Anti-Interference Design of High-Voltage Power Supply for Lithography Machines
As the core equipment in semiconductor manufacturing, the stability of the high-voltage power supply in lithography machines directly determines exposure accuracy and chip yield. However, high-voltage power supplies are susceptible to electromagnetic interference (EMI), ground noise, and high-frequency switching noise during operation, leading to output fluctuations or system failures.
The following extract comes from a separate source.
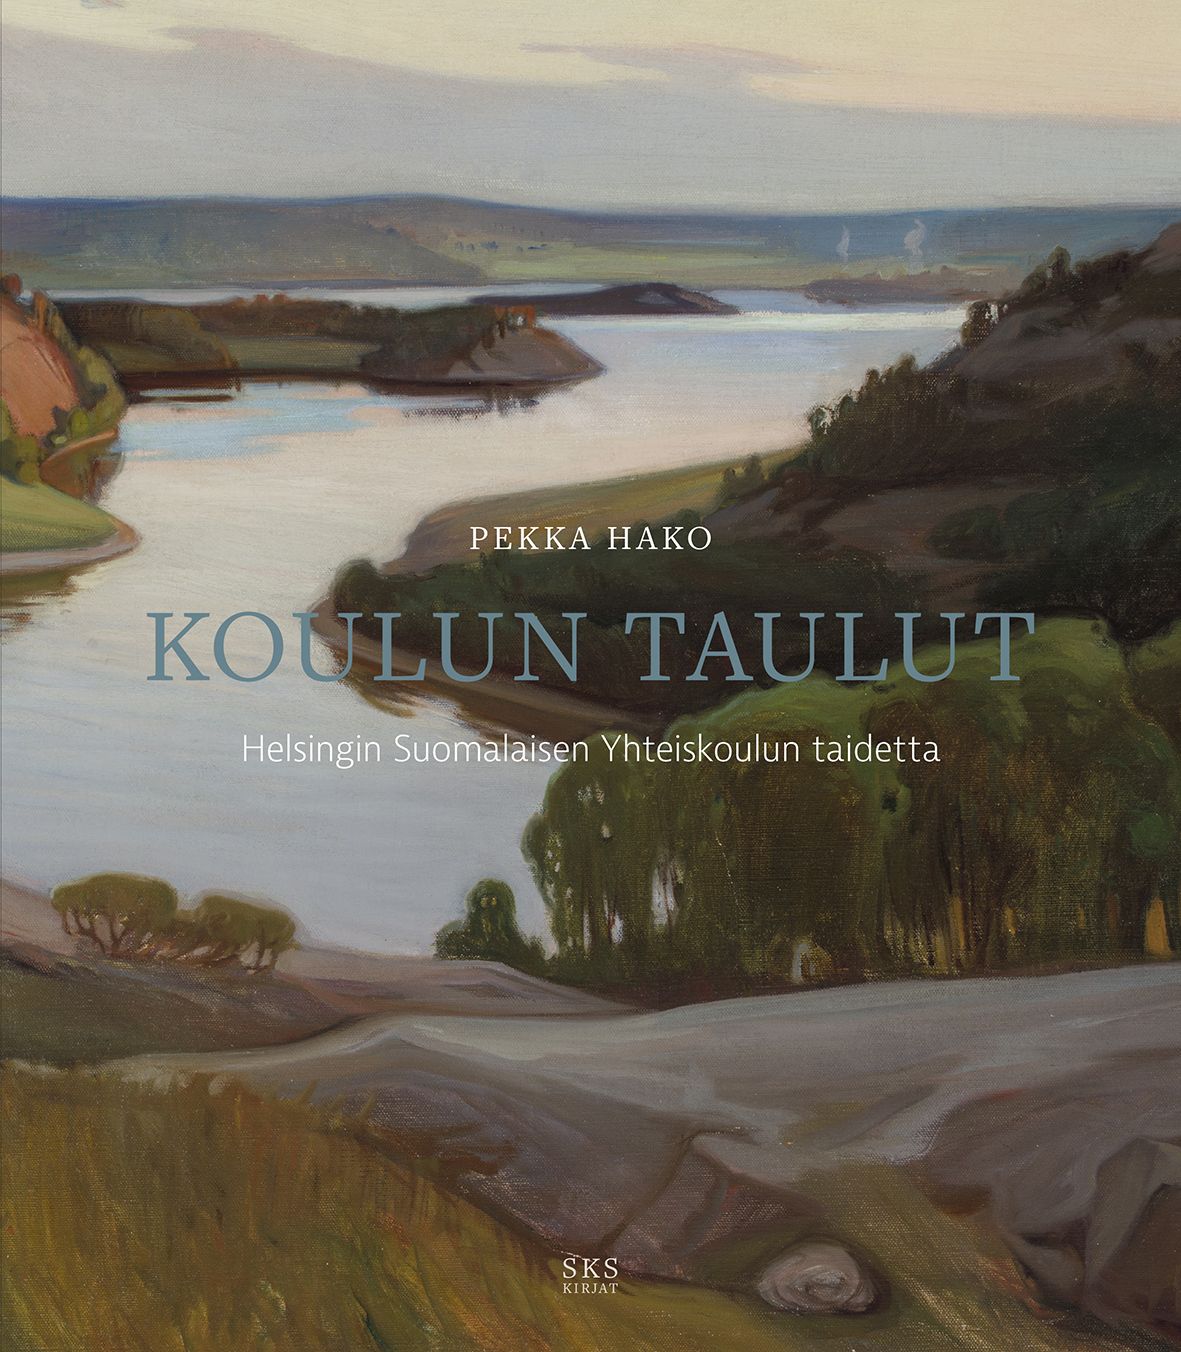 Pekka Hako : Koulun taulut

Thus, anti-interference design requires a comprehensive approach encompassing power architecture, circuit layout, shielding, grounding, and software protection.
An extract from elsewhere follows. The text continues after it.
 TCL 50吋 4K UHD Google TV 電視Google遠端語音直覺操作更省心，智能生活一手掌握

1. Power Filtering and Isolation Design
The input stage of a high-voltage power supply requires a multi-stage filtering network:
• AC Filters: Low-pass filters at the power entry point suppress high-frequency noise (e.g., surges, harmonics) from the grid, with feedthrough or three-terminal capacitors minimizing lead inductance.
• DC Decoupling: Post-rectifier parallel dual capacitors (10–100 μF electrolytic + 0.01–0.1 μF ceramic) absorb low-frequency ripple and high-frequency transients.
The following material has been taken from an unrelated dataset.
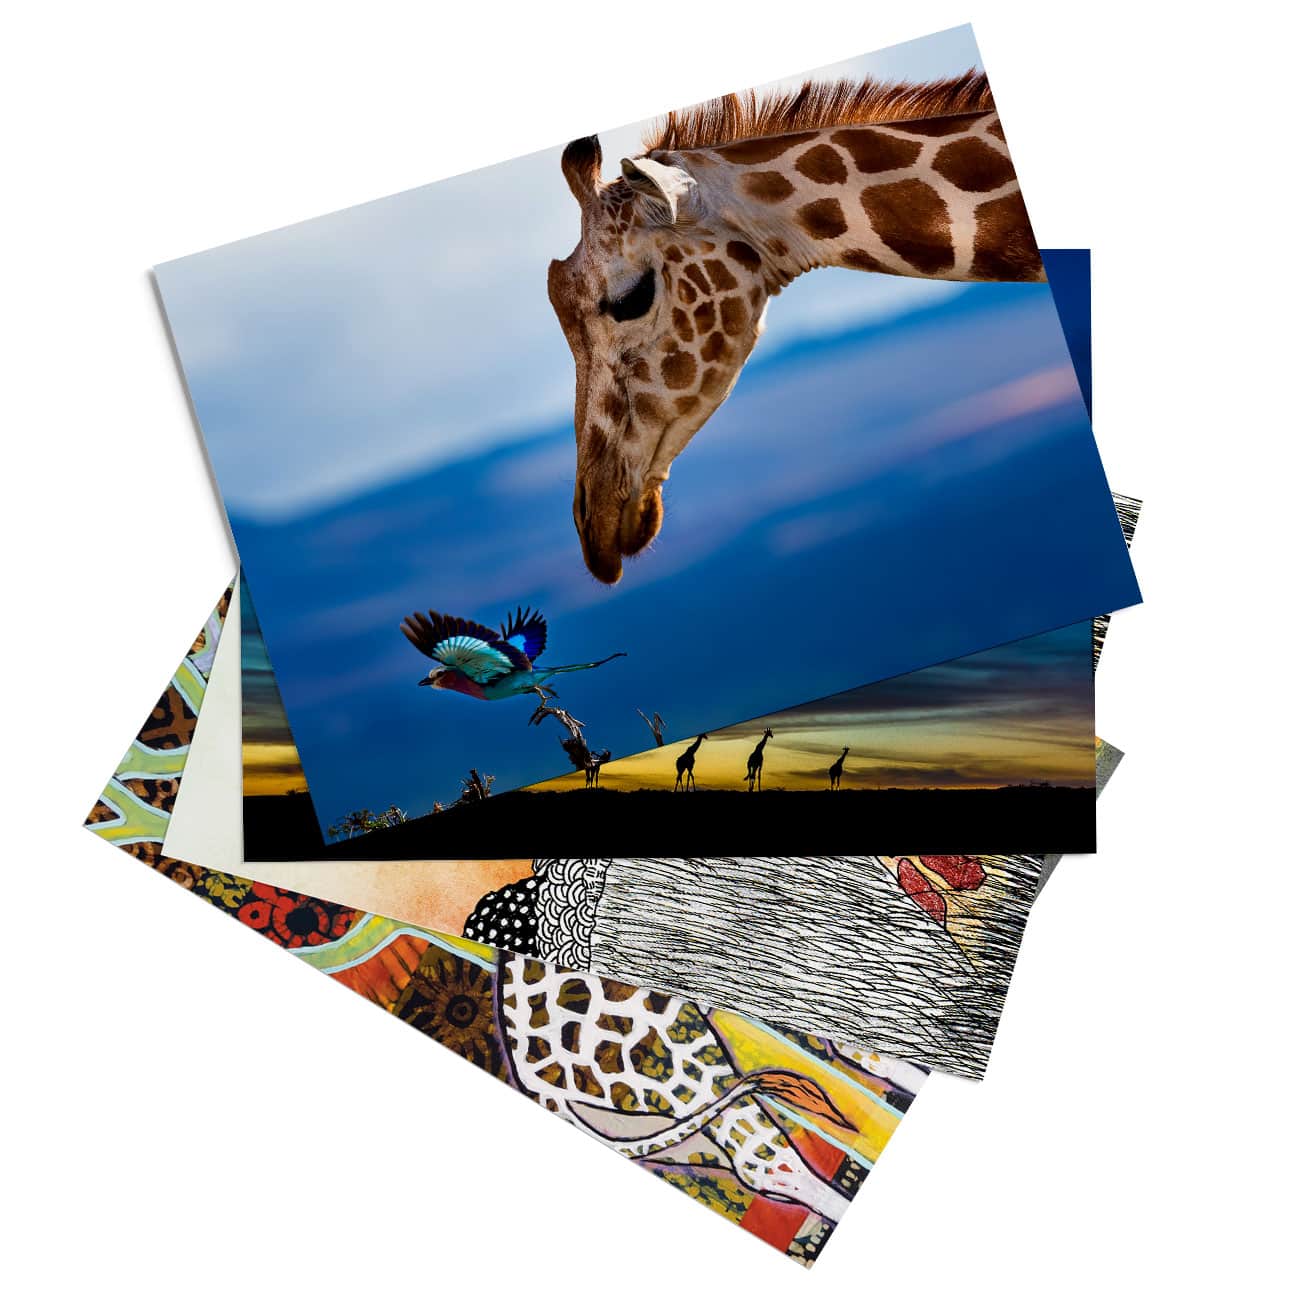 ‘Giraffe of Africa’ assorted postcard set (25 cards)

• Isolation Techniques: Electrostatically shielded transformers with copper foil between primary and secondary windings, single-point grounded to block common-mode noise; optocouplers isolate power and control circuits, eliminating ground loops.
2. Systematic Grounding and Shielding
• Hierarchical Grounding:
• Analog/Digital Ground Separation: Independent ground traces for analog circuits (e.g., voltage regulation) and digital circuits (e.g., PWM controllers), connected via beads or 0Ω resistors at a single point to avoid common-impedance coupling.
• Low-Impedance Grounding: Ground traces ≥2–3 mm wide with mesh layers to reduce impedance; shields, chassis, and safety grounds use short, thick wires (yellow-green) with resistance <4 Ω.
• 3D Shielding:
Enclosed metal shields for high-voltage modules, with local ferrite rings for high-frequency components (e.g., switches); twisted-pair shielded cables suppress radiated noise, with shield layers grounded at both ends.
3. EMC-Optimized PCB Layout
• Layered Stackup: 4+ layer PCBs with dedicated power and ground layers provide low-impedance return paths; high-voltage traces (e.g., switches to transformers) ≤15 mm long, avoiding 90° bends.
• Near-Field Decoupling: 0.1 μF ceramic capacitors placed adjacent to IC power pins, with via-in-pad connections to minimize lead inductance.
• Sensitive Zone Isolation: Clock circuits and oscillators spaced ≥10 mm from high-voltage areas, surrounded by ground traces; digital and high-voltage traces cross vertically to reduce mutual coupling.
4. Software-Hardware Co-Protection
• Watchdog and Monitoring: Hardware watchdogs detect power controller status, triggering resets during anomalies; ADC channels incorporate digital filters (e.g., median + moving average) to suppress transient noise.
• Logic Verification and Redundancy: Critical commands (e.g., exposure triggers) use triple modular redundancy; communication protocols add CRC checks and retransmission to prevent data corruption.
Conclusion
The anti-interference design of high-voltage power supplies for lithography machines requires a four-tier defense of isolation-filtering-shielding-grounding, supported by multi-layer PCB layouts and software fault tolerance. As lithography precision advances to nanometer levels, future research must focus on active high-frequency magnetic field cancellation and wide-bandgap semiconductor devices (e.g., SiC) to address EMI challenges at higher power densities.